Ne recherchons pas avidement des expériences de ce genre. Saint Silouane, qui en a eu plusieurs, disait très sagement : « Ce n’est pas le plus important dans la vie chrétienne. »

Et quand nous lisons qu’Abraham a entendu plusieurs fois la voix de Dieu, n’oublions pas que, entre ces expériences, il s’écoulait parfois 13 ans, 20 ans…

Mais soyons ouverts à ce Royaume invisible, en particulier dans l’Eucharistie, écoutons dans nos cœurs le chant des anges ET DES SAINTS qui louent Dieu avec nous, en particulier vous, mes Sœurs, – puisque cette année vous mettez un accent particulier sur la louange. « Toi qui nous appelles à être louange au milieu de la terre… dans les déchirures et divisions, dans les rencontres et les réconciliations… »

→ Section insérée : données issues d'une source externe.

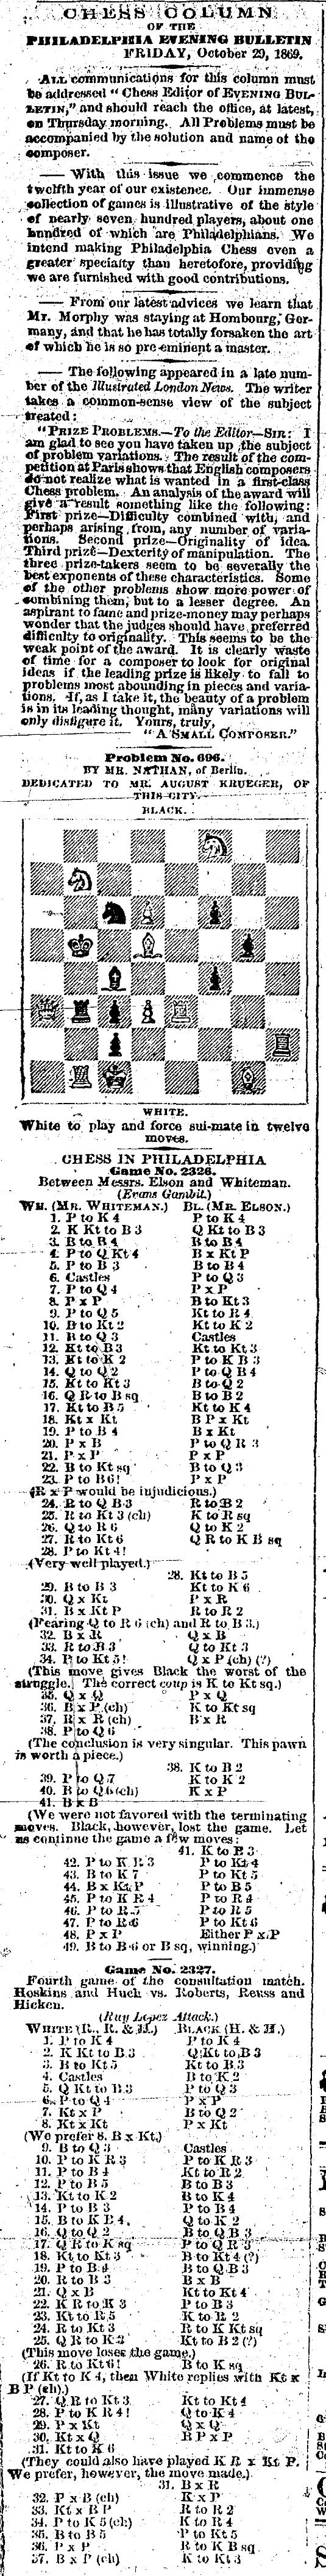 1869.10.29-01 Philadelphia Daily Evening Bulletin.jpg

3)      Un dernier témoignage : en juin j’ai eu un songe semi-éveillé (c’est-à-dire dans le no-man’s land entre le sommeil et la veille).  Je prêchais à Grandchamp sur « Bénissez et ne maudissez pas, » et à la fin de mon homélie je disais : « Un jour des politiciens viendront ici et diront : Ici à Grandchamp les malédictions sont changées en bénédiction. » Et ce que je voyais en esprit était tellement beau que dans mon songe j’ai éclaté en pleurs de joie et de beauté, ce qui m’a réveillé. Thérèse aussi m’a entendu sangloter, sans comprendre ce qui se passait, – puis je lui ai partagé mon songe.

Alors je vous redis cette promesse, à vous mes Sœurs et à nous tous, comme un encouragement pour notre ministère d’intercession, de louange et de bénédiction sur les personnes, les pays, et la Création.